They traveled at night, staying away from the drone trails and instead marching down uncleared, thorny paths. Aradia was a good traveling companion: capable of amusing herself and experienced with the terrain. 

“What have you been doing these last few sweeps?” Kanaya said on the first night of camping. 

“Oh. I make my living digging up old ruins and artifacts for the Condesce. I bribed the drones when my conscription came up and the value was so high that they decided to have me go around fetching more of it. That’s how I found the cave.” 

“And how did you know…” 

“It’s process of elimination,” Aradia said. “Mother grubs are rare. There are hardly any out there. And you said that you lost yours. You never said yours was dead. So, why not?” 

“Hmm,” Kanaya said. 

 

They eventually reached Kanaya’s old hive, now overtaken by giant, white growth. Dissicated grubs littered the grounds. More living ones squelched wetly inside the hive. 

“Careful,” Aradia said. “The big ones are a problem.” 

“What big ones?” she said, before a giant, writhing white mass dropped out of the sky with a shriek. They made short work of it and the rest of its friends: Kanaya with her chainsaw and Aradia with her handy collection of whips. The infested creatures, whatever they were, leaked white pus on their deaths. 

The garden was still clean, though the plants had overrun it and the lack of intelligent irrigation had killed most of Kanaya’s work. But there were some flowers still growing in ragged lines, and some trees still bore fruit. They gazed up at her hive, stripping the skin off the fruit and eating the flesh and parasites hidden within the rinds. 

“It would have been disassembled and taken apart by the drones even if this hadn’t happened,” Kanaya said with a sigh. 

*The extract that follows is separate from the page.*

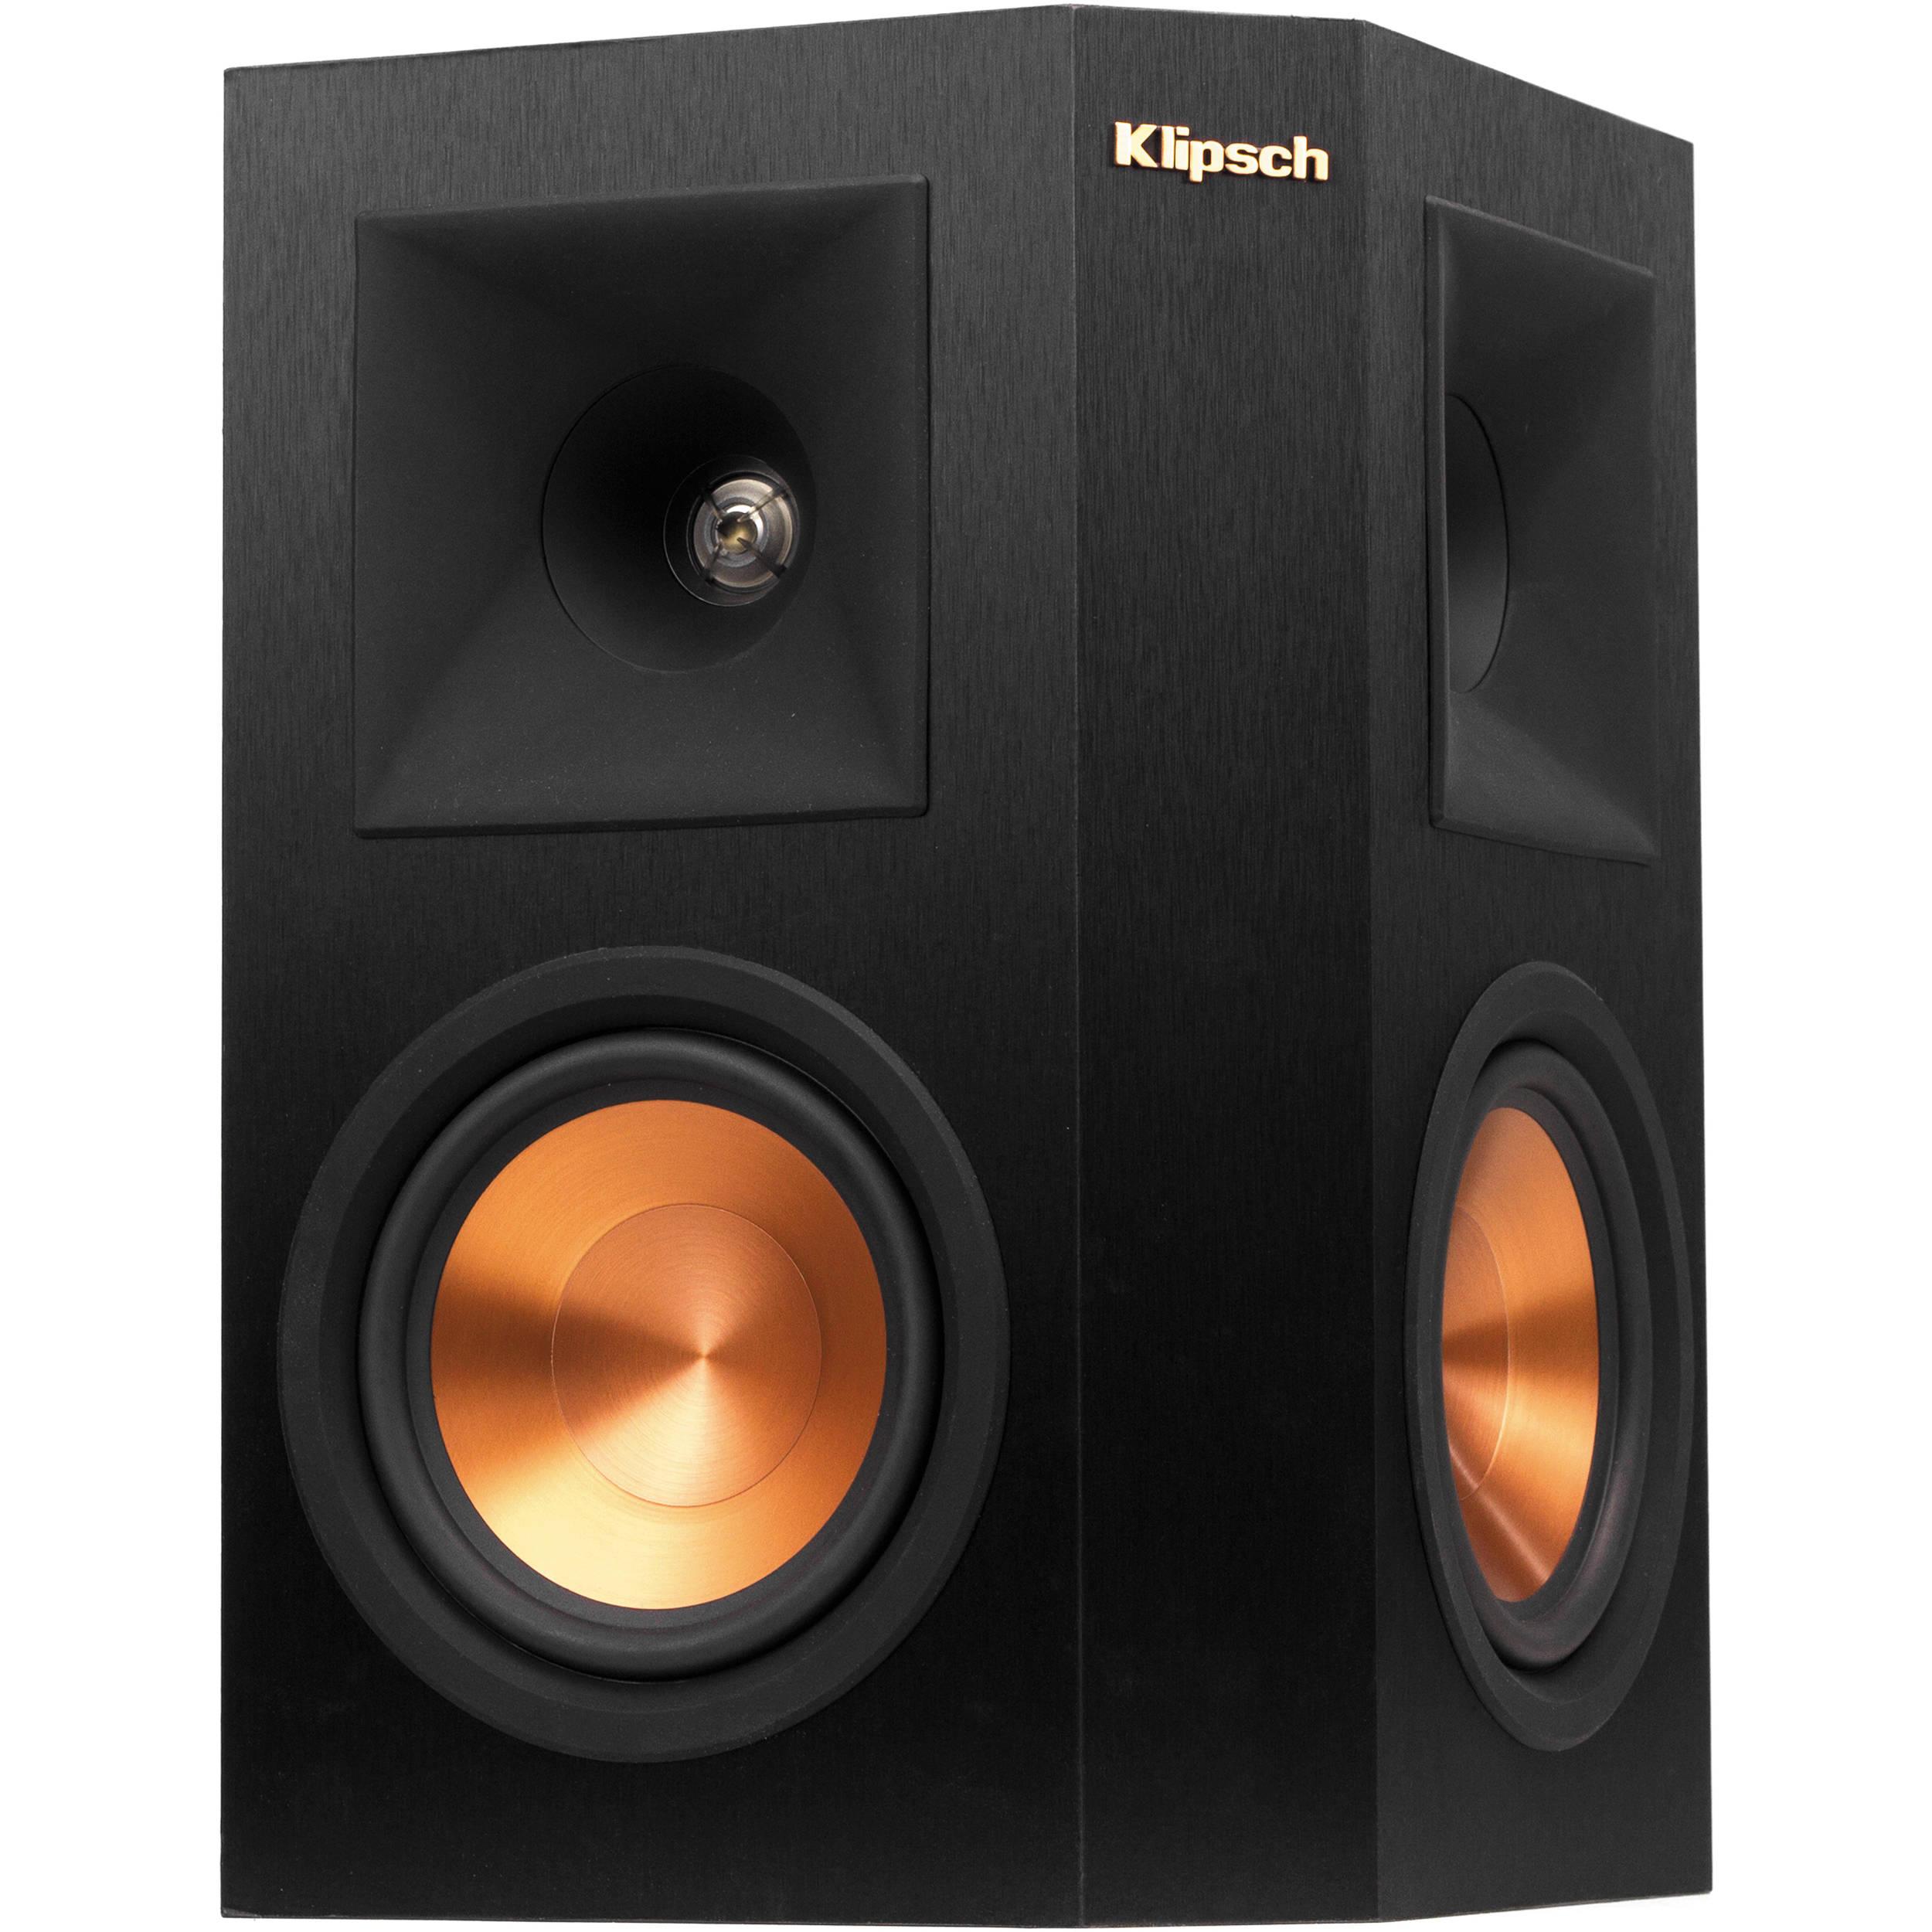 klipsch used speakers. klipsch reference premiere rp-250s surround speaker (black, single) used speakers

“Oh, yes,” Aradia said. “This is actually very valuable for me from a work perspective. If you’re lucky, your hive might be preserved for all time, giving future troll archeologists an opportunity to really dig into what life was like for trolls in this time.” 

“That sounds like something that would be interesting if I could muster being interested in it.” 

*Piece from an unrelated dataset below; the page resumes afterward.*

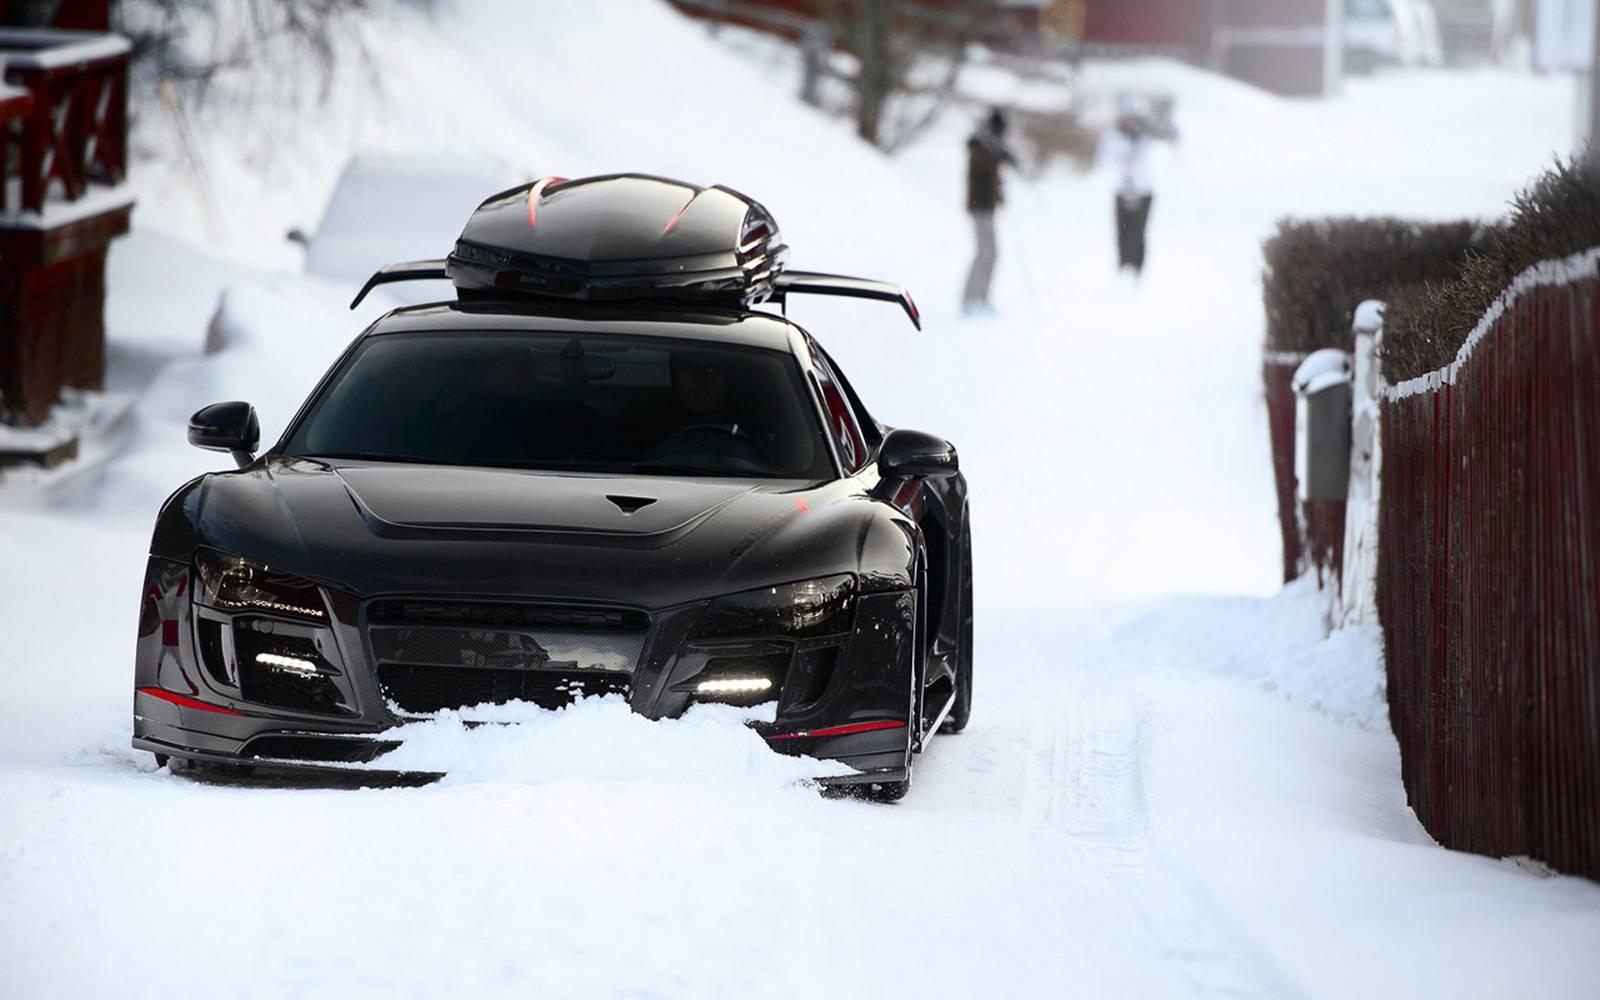 A Look at Jon Olsson's Various Ski-Box Equipped Supercars ...

“Kanaya, I’ve been wondering. You knew what this was. And it’s growing all over your hive.” 

“So you think I did this?” Kanaya said. “So what if I did?” 

“Actually, if you did do it, you’d get a medal from the Empire. I wasn’t accusing you. I just wanted to know.”

“I didn’t know anything. And while we are accusing me of things senselessly in my own hive, I did not misplace my own mother grub, either. You don’t know how lonely it is down there—how miserable I have been down there!” She broke off. She didn’t want to look up. 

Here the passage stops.